The new system has already been approved by several aviation authorities around the world – EASA, CASA, CAAM, and CAAT – along with other local authorities expected to approve it later this year.
TP Aerospace’s Melbourne facility was the first to apply the new system, followed by Subang, Bangkok and Castle Donington. By 2020, all TP Aerospace facilities are planned to be paperless.
Phil Randell, chief executive officer, says business is steady but World Aero is seeing increased interest from the regional market, especially for the Embraer E-Jet and ATR 72.
It recently signed a five-year Cost Per Landing agreement with a European airline for aircraft wheels, brakes and tyres on its E195 fleet, while ATR business is coming from operators who feel there is some OEM domination in the overhaul market.
World Aero, he says, is completely independent and this is attractive to operators who are concerned that other MROs might be working in the best interests of the OEM, not the airline.
Additionally, World Aero is focused on its MRO business and not spares trading and this has boosted business from brokers and distributors who do not expect to compete with the MROs they use when it comes to inventory sales.
A further attraction for brokers and distributors is that World Aero can advise them on which aircraft wheels and brakes to prioritise in processing aircraft teardowns, thanks to its understanding of market trends.
As well as scarce components with higher values, there are often items that have flooded the market with a resultant drop in price. In between, and possibly the most difficult to define, is the trade-off between the cost of repair and overhaul versus the likely return when the item is sold.
This focus helps World Aero with smoothing out the workload across the year; many traditional airline contracts are based on consumption, meaning peak workload is in summer when aircraft utilisation is highest.
Further assistance with balancing workload comes from contracts for freighter aircraft and the company also uses the quieter winter period to overhaul its own pool of inventory to support its contracted customers ahead of the next busy season.
Technology can also affect the business, he says. The increased service life of carbon brakes versus steel brakes means that there are now fewer replacements per aircraft and therefore the manhour value of repairs is less. The same applies to radial tyres versus bias tyres on wheels.
Nevertheless, expansion plans are in place at World Aero, with most of the workshop area to be covered by a mezzanine level with multiple goods lifts to move workaround.
The experience of workshop staff to optimise the layout and internal processes, rather than boast about expensive floor area, is key to sustaining maximum efficiency and a competitive edge says Randell.
DAES Group just completed a turnkey wheel and brake facility for First Class Aviation Services (FCAS), an MRO company headquartered in Riyadh, Saudi Arabia.
It has a gross area of 1,300m² and was due to start operating by the end of November.
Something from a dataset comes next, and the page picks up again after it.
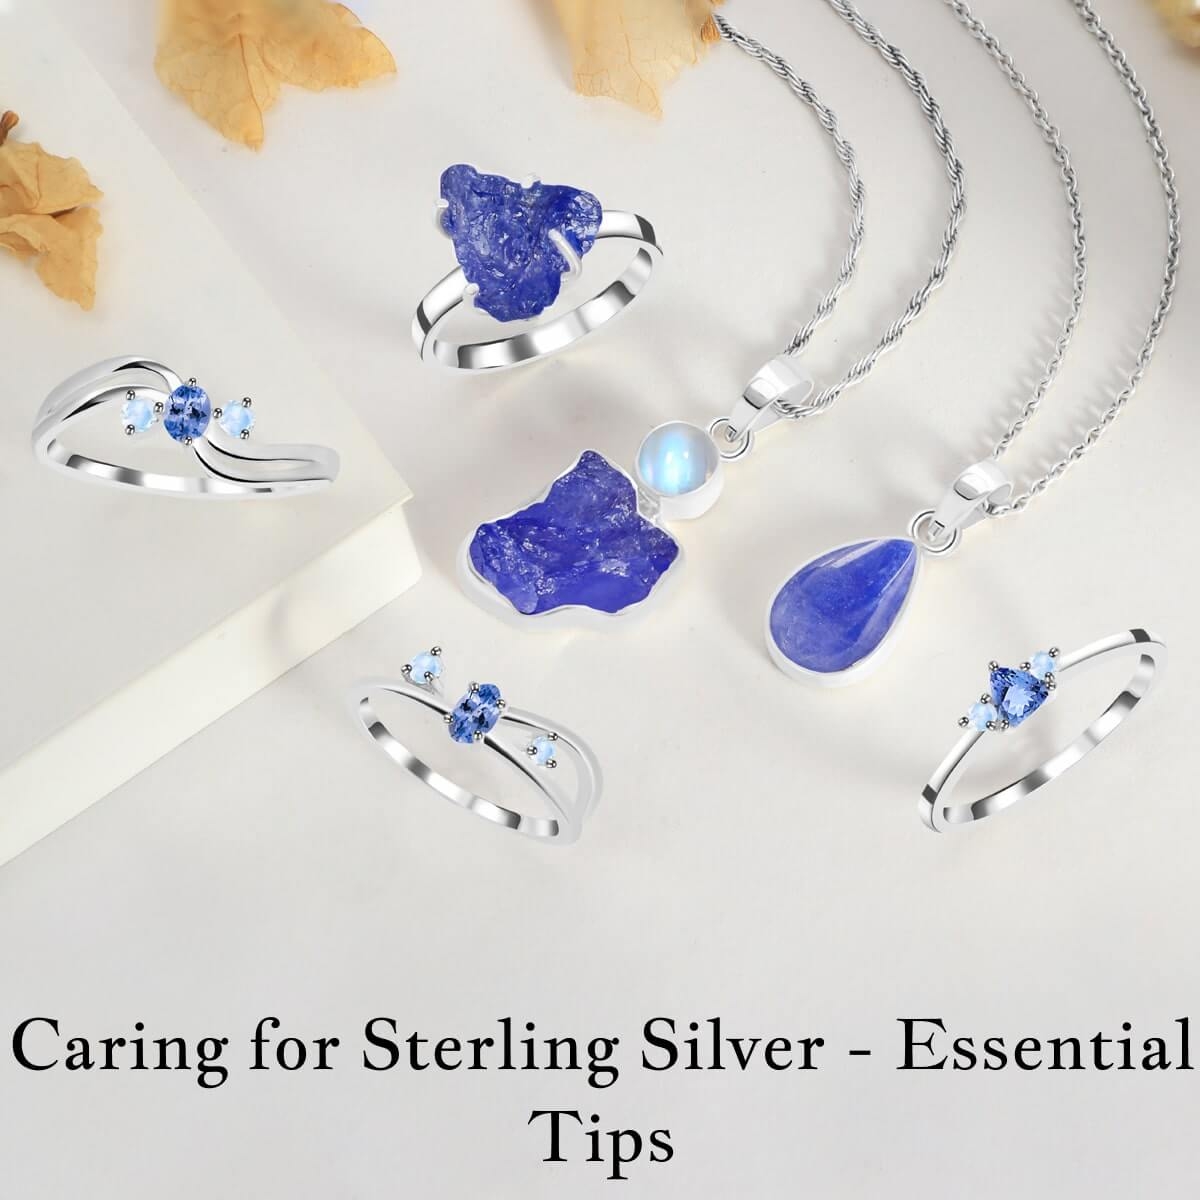 How to Care for Your Sterling Silver Jewelry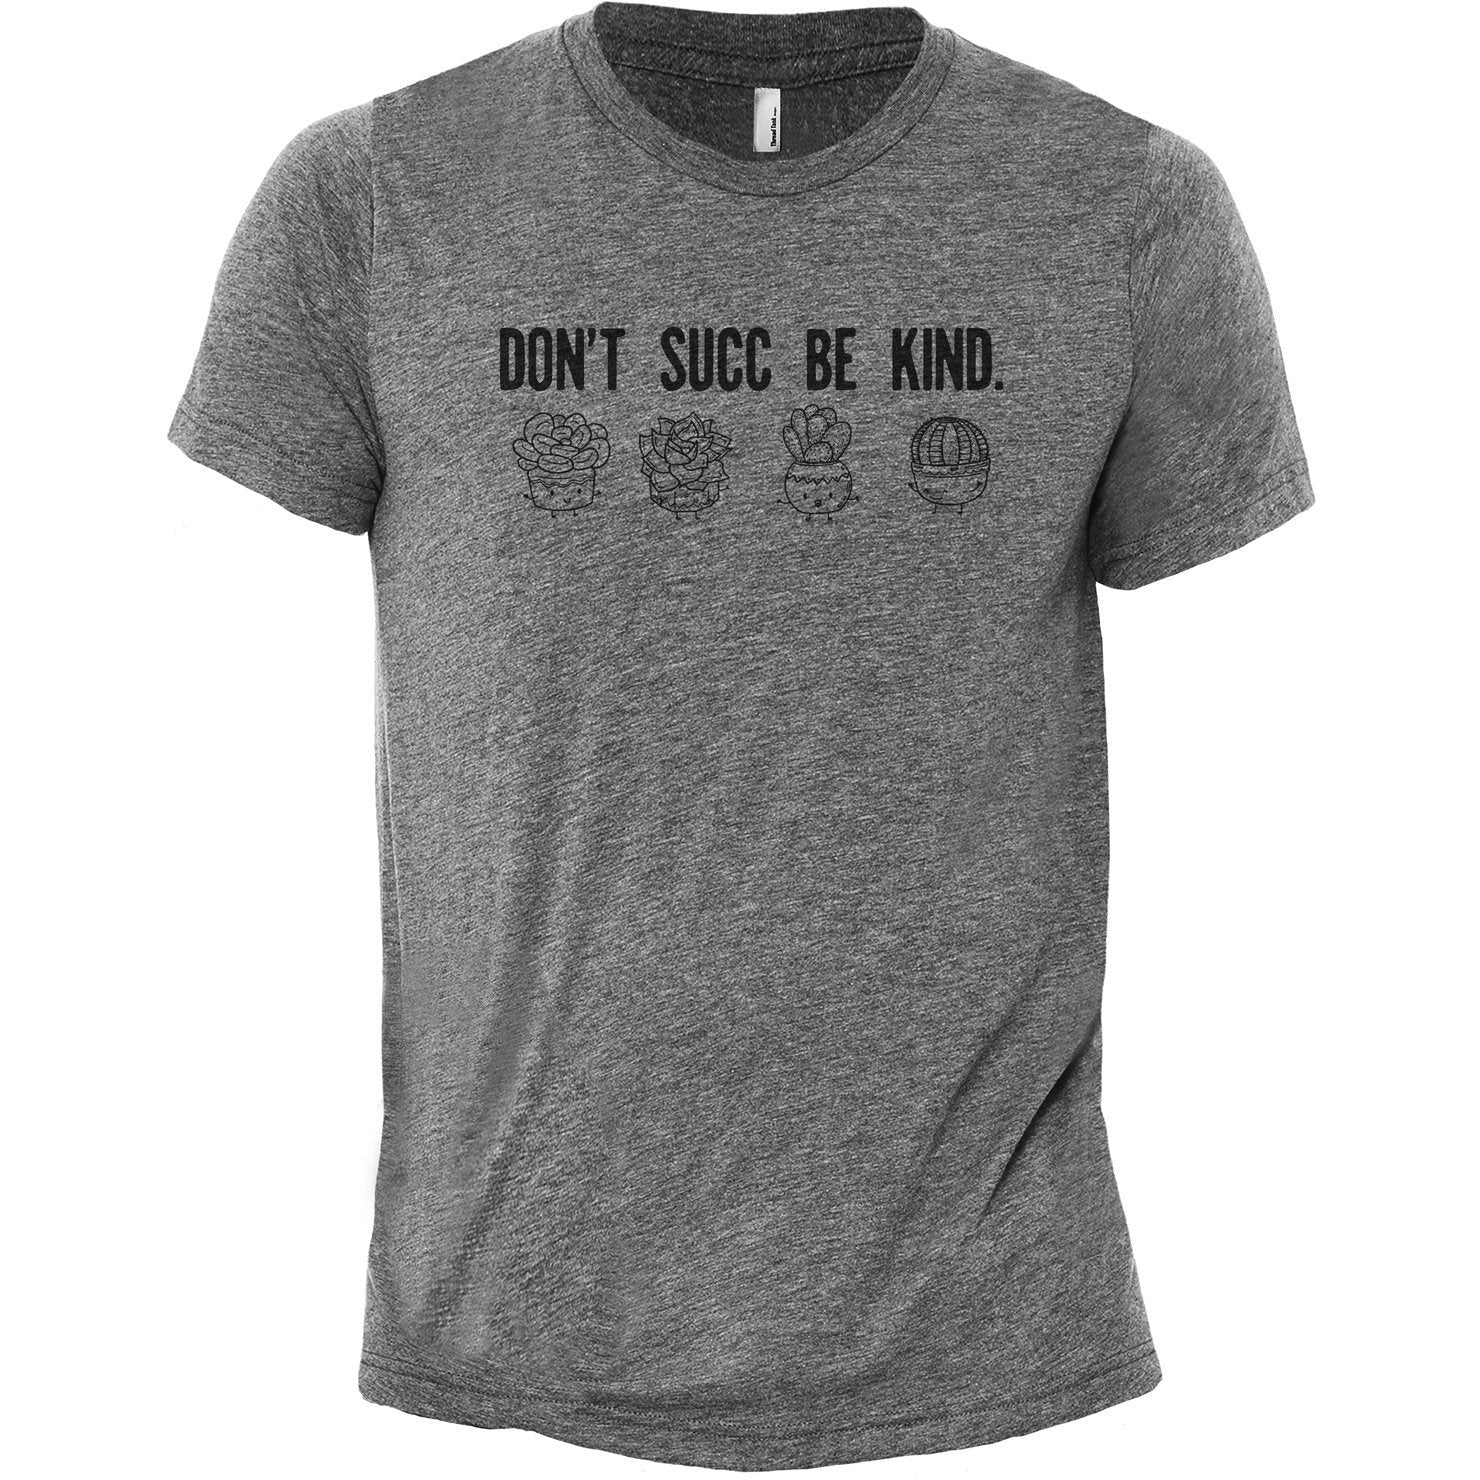 Don't Succ Be Kind Heather Grey Printed Graphic Crew T-Shirt Tee

The shop is expected to employ approximately ten people and handle an average of at least 1,000 wheels per year. This project is part of a regional growth plan by FCAS that will be followed by a facility in Jeddah airport.
The shop layout design, the equipment selection, the installation, and the commissioning were entirely project managed by DAES Group.
A smart floor plan contributes to workflow and efficiency optimisation, reducing manual labour with increased automation using equipment from manufacturers such as Bauer, Odlings and ATG.
The facility has been approved by the General Authority of Civil Aviation (GACA) of the Kingdom of Saudi Arabia, with FAA and EASA approvals to follow to serve clients with foreign-registered aircraft.